++++ Data extract ++++

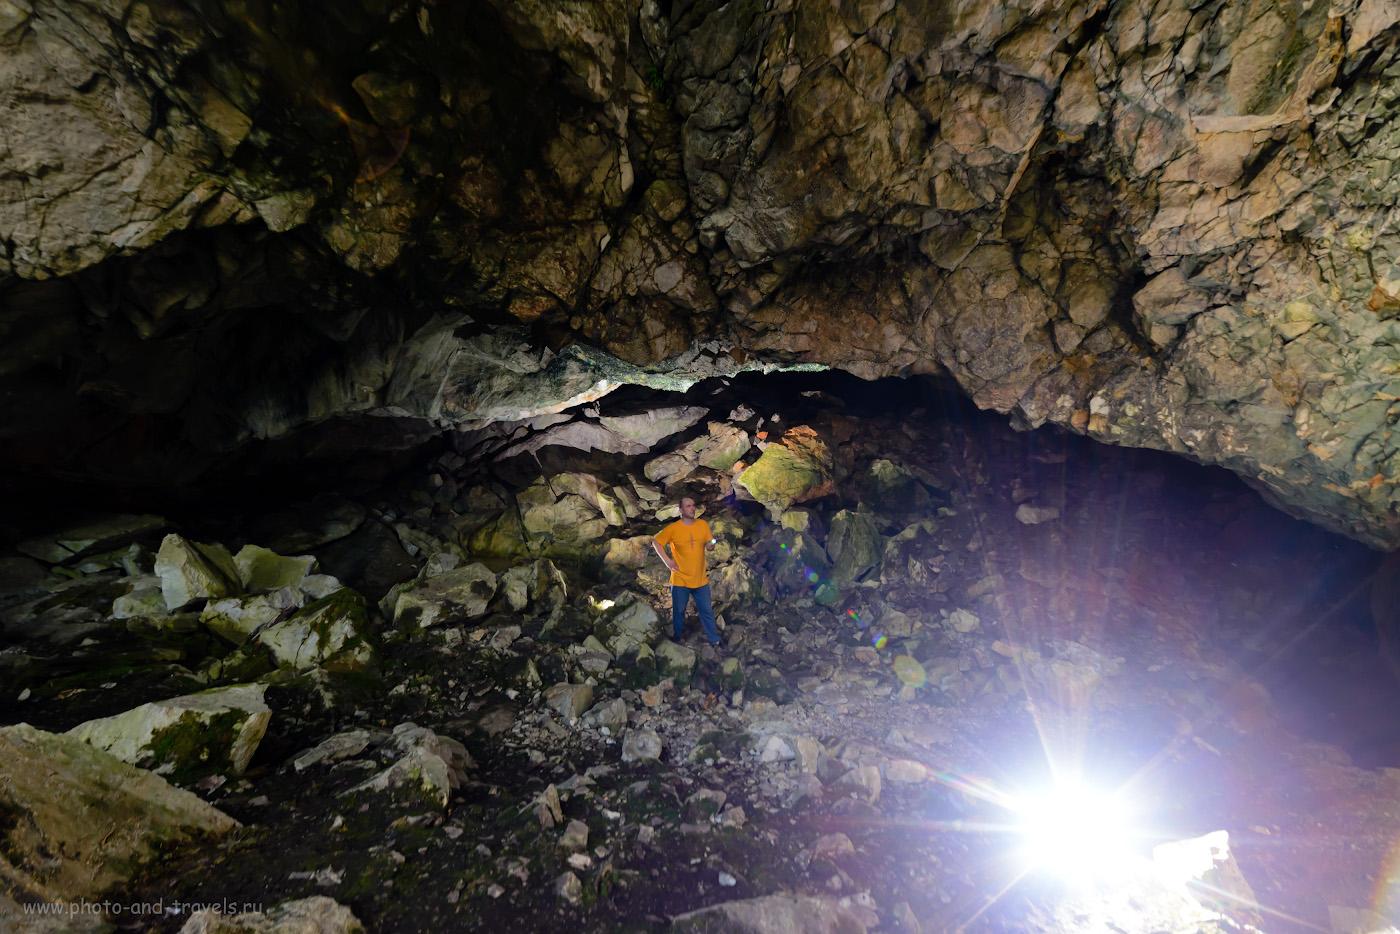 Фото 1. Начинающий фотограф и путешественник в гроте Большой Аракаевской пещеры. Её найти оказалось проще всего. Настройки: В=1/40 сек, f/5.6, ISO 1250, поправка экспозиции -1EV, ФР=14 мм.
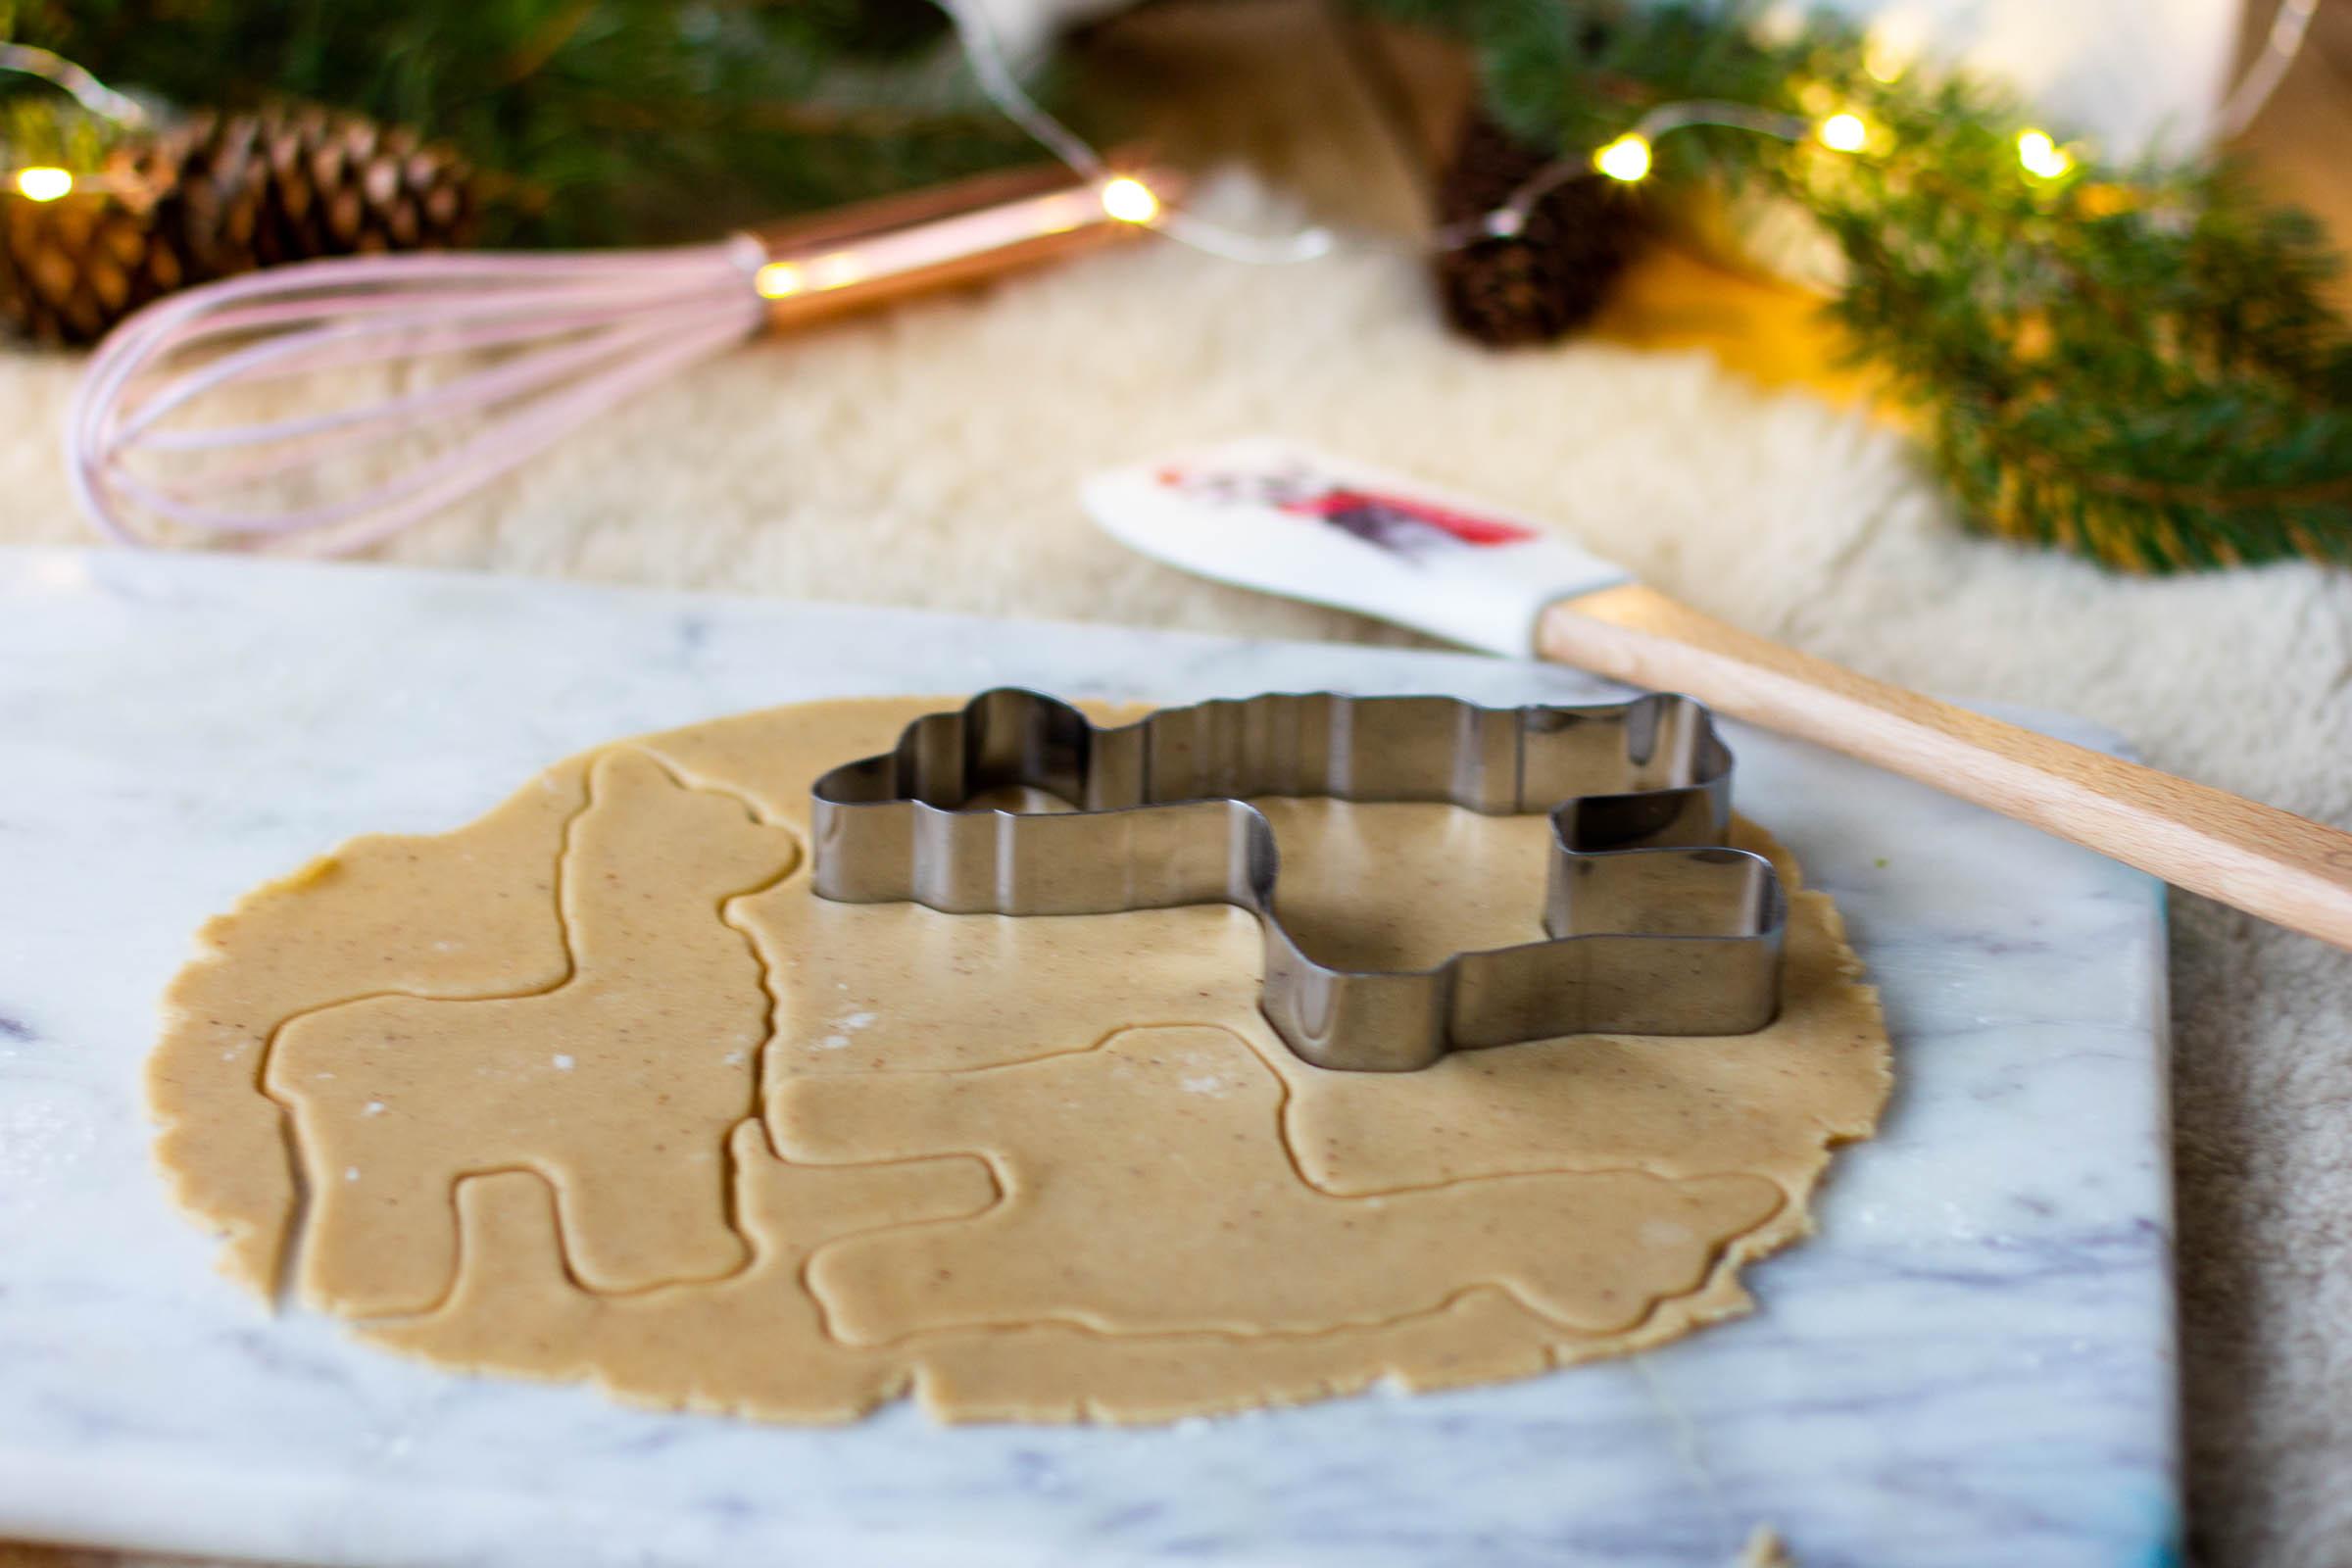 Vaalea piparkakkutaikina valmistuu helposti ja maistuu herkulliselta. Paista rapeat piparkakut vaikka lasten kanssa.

++++
++++ Data extract ++++

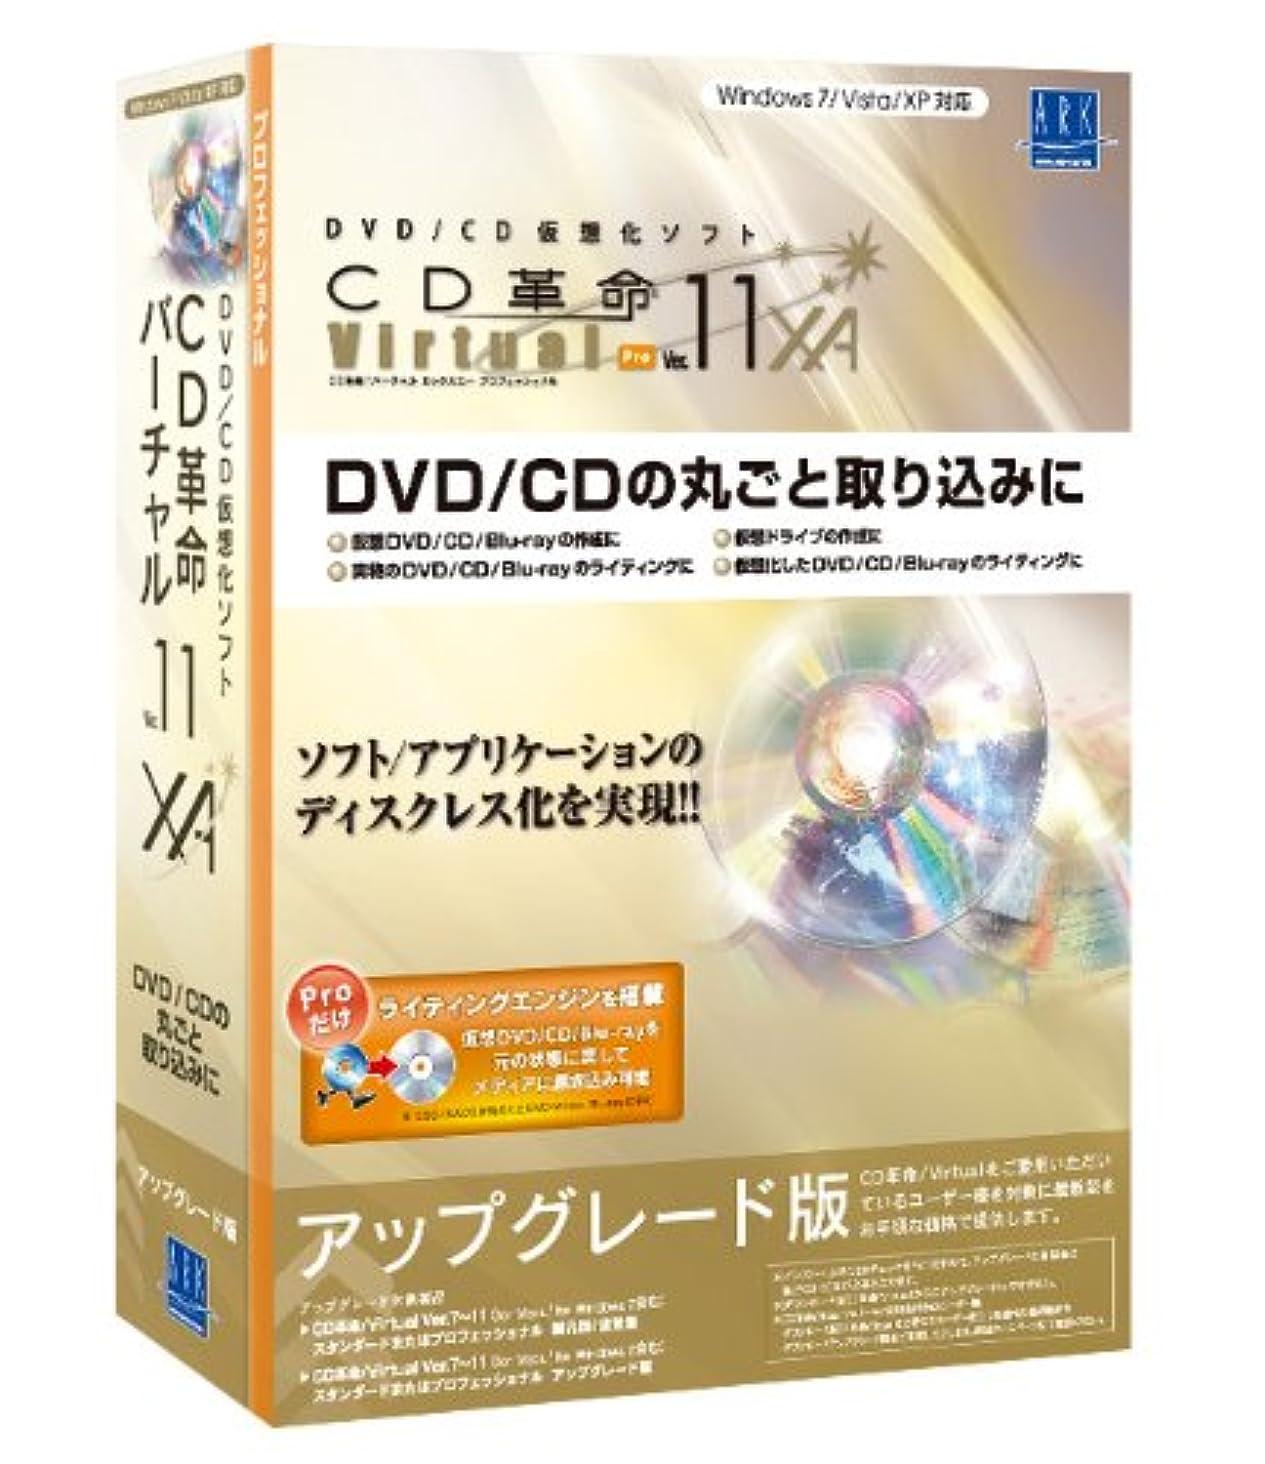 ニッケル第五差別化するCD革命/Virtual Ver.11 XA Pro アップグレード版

++++

§ **Task objective**: Starting at the line containing "Фото 1. Начинающий" and stopping at the line containing "Vaalea piparkakkutaikina valmistuu", output each line exactly as it appears above. Leave out the pictures.

§ **Response to the task**:
 Фото 1. Начинающий фотограф и путешественник в гроте Большой Аракаевской пещеры. Её найти оказалось проще всего. Настройки: В=1/40 сек, f/5.6, ISO 1250, поправка экспозиции -1EV, ФР=14 мм.
 Vaalea piparkakkutaikina valmistuu helposti ja maistuu herkulliselta. Paista rapeat piparkakut vaikka lasten kanssa.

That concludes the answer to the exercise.